Supplied material:

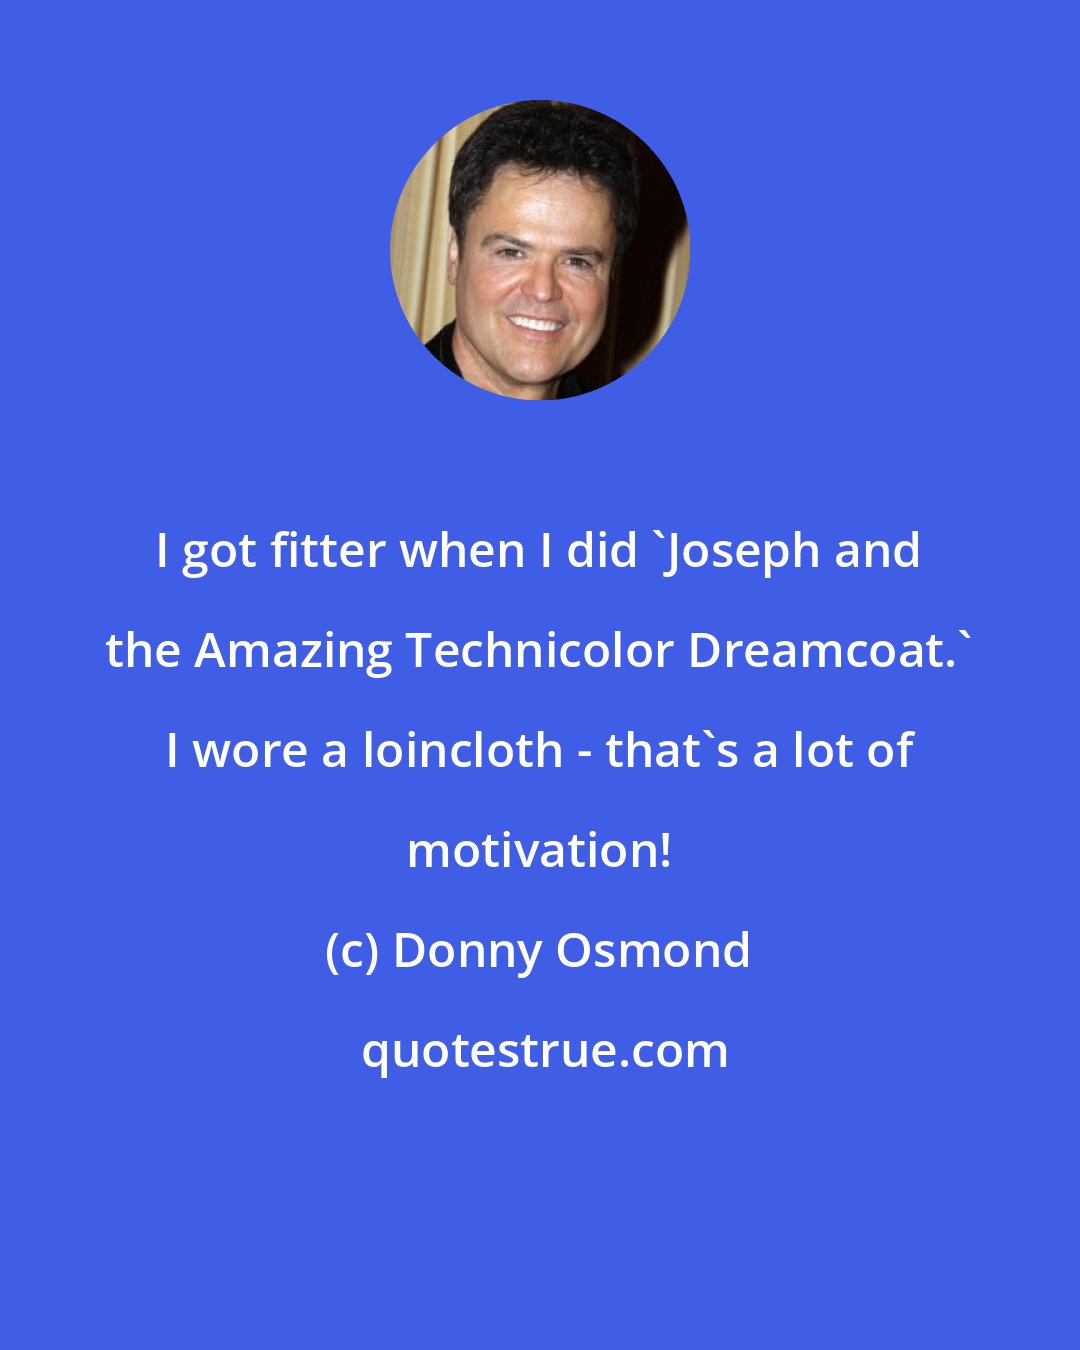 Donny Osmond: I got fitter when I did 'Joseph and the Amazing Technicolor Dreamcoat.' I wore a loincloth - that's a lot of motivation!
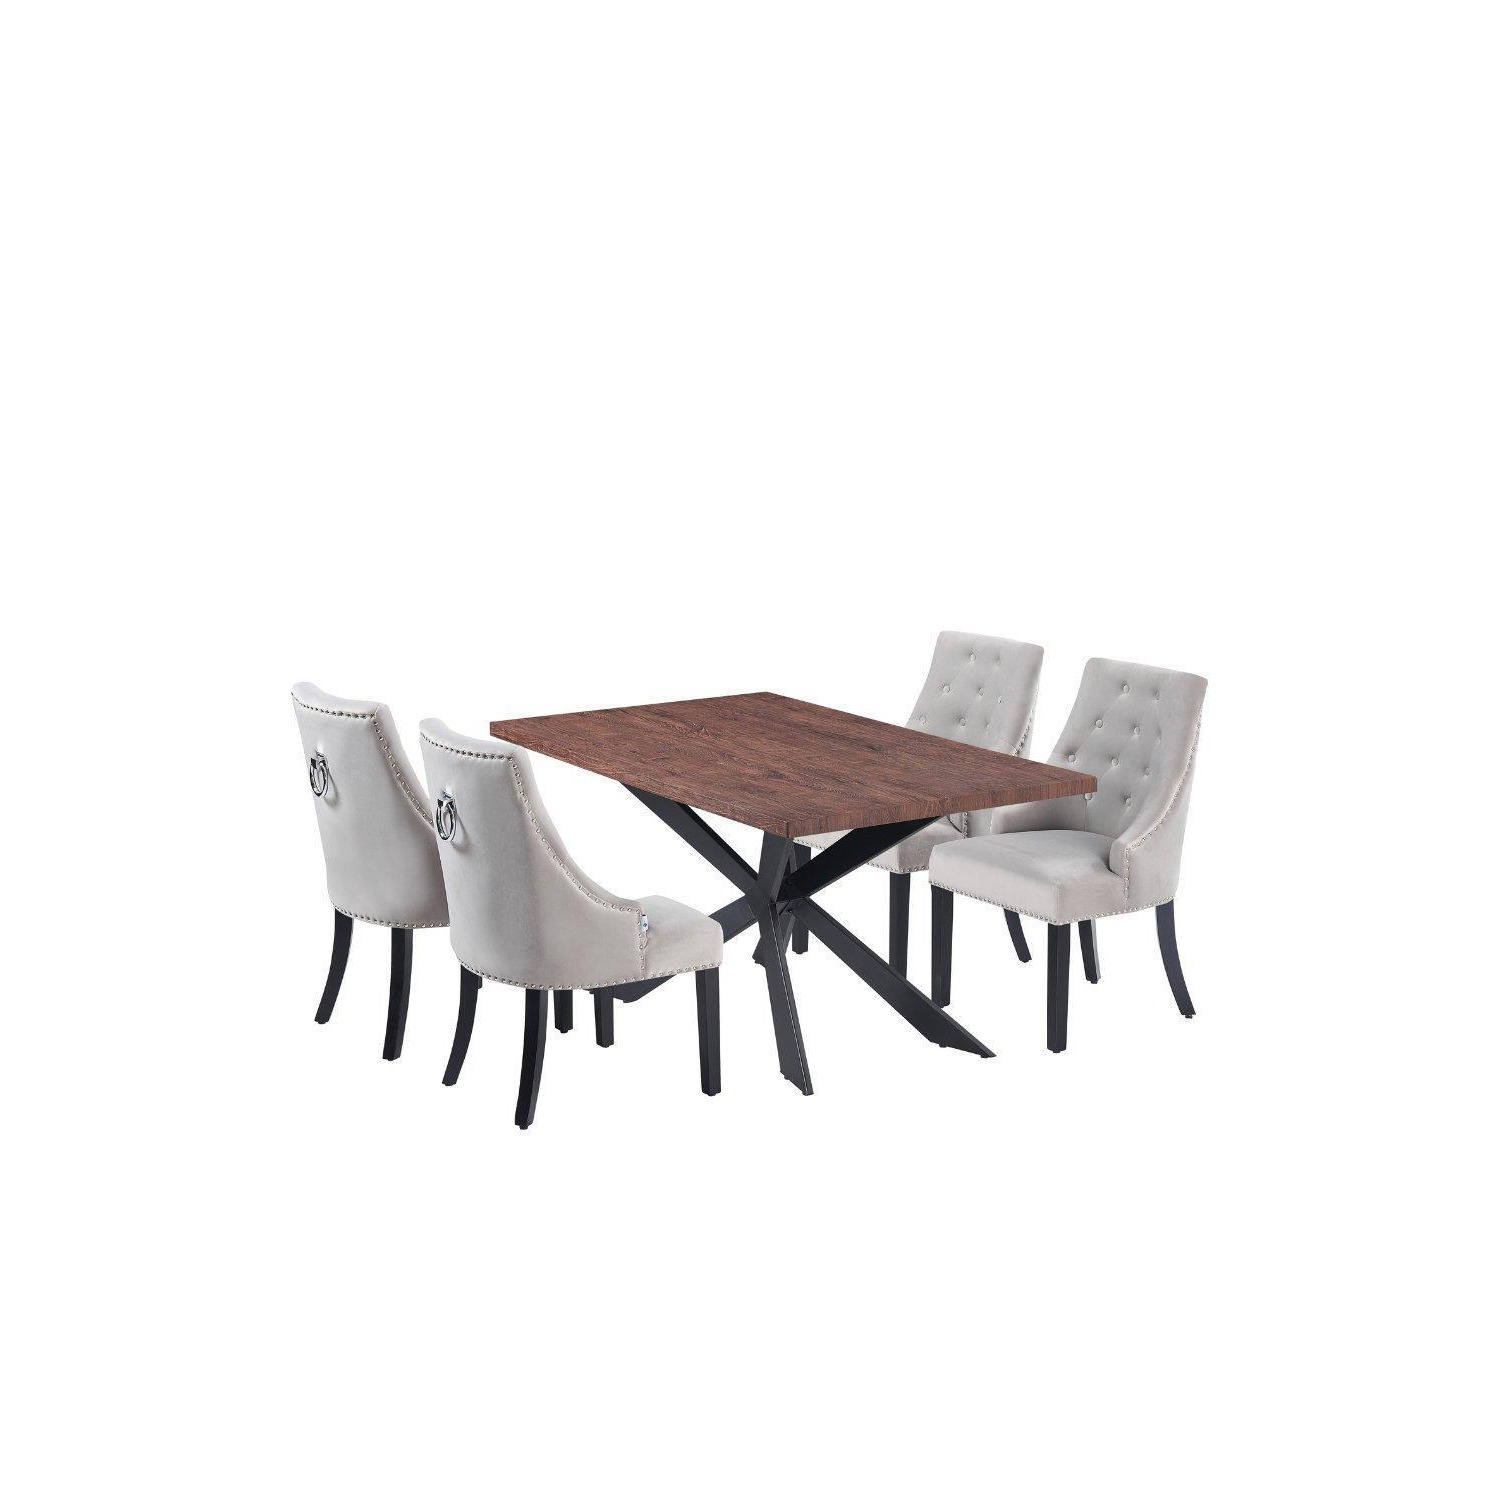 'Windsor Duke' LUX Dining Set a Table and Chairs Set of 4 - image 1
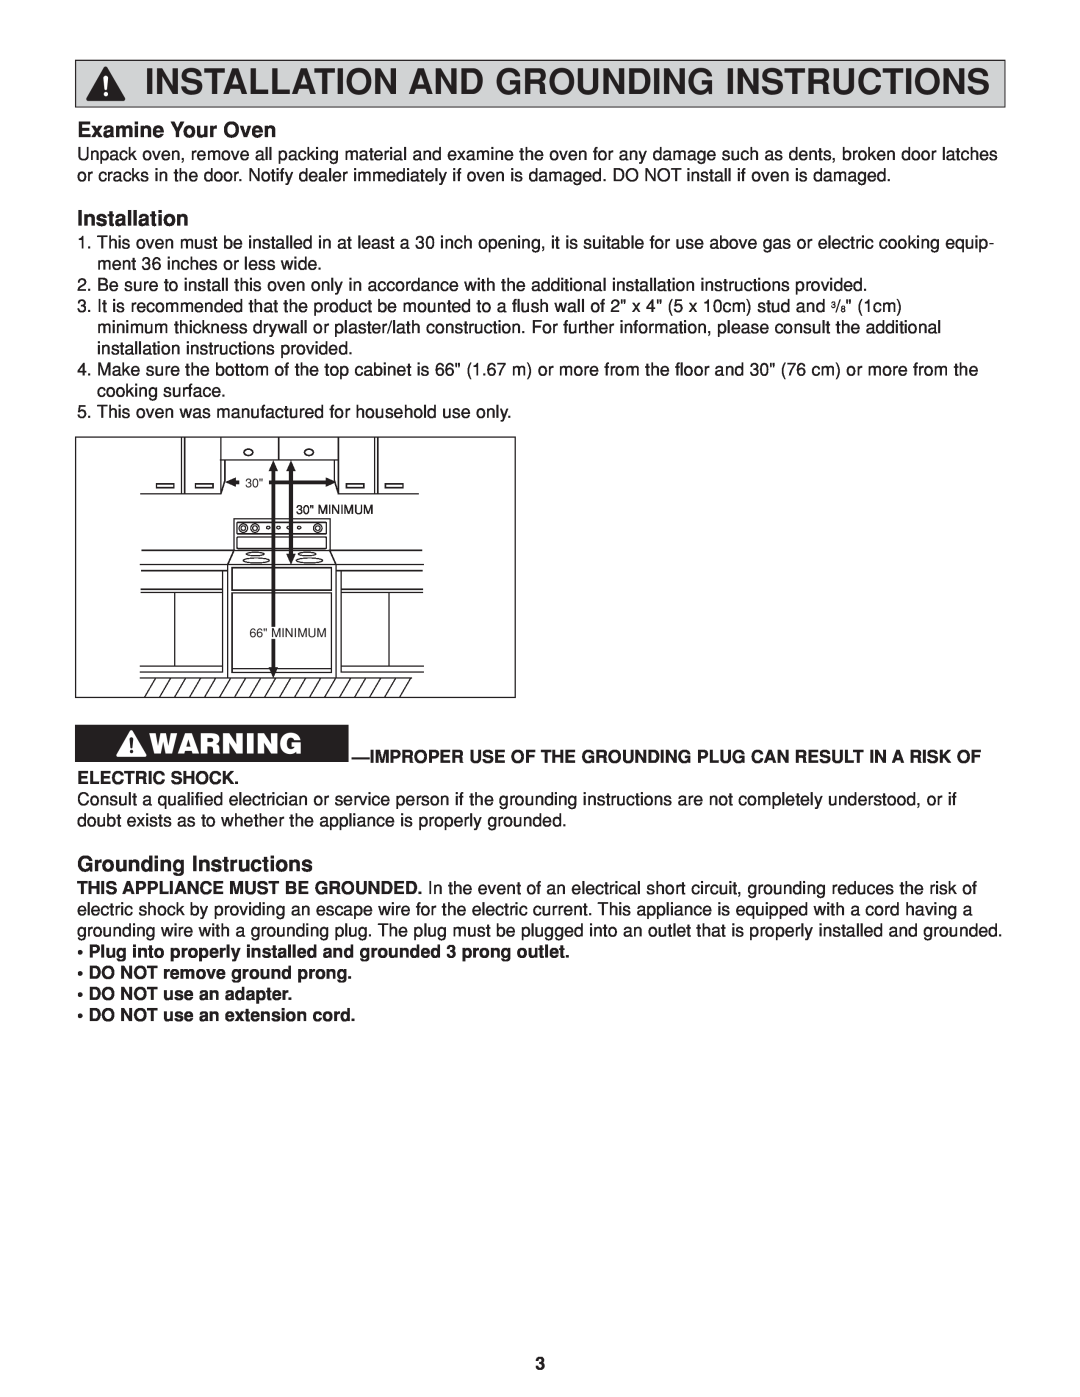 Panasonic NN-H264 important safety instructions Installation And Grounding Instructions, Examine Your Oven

Your goal: A faithful copy of all the data above is required, printed exactly and with no pictures.

Answer for the task:
 Donny Osmond: I got fitter when I did 'Joseph and the Amazing Technicolor Dreamcoat.' I wore a loincloth - that's a lot of motivation!
 'Windsor Duke' LUX Dining Set a Table and Chairs Set of 4 - image 1
 Panasonic NN-H264 important safety instructions Installation And Grounding Instructions, Examine Your Oven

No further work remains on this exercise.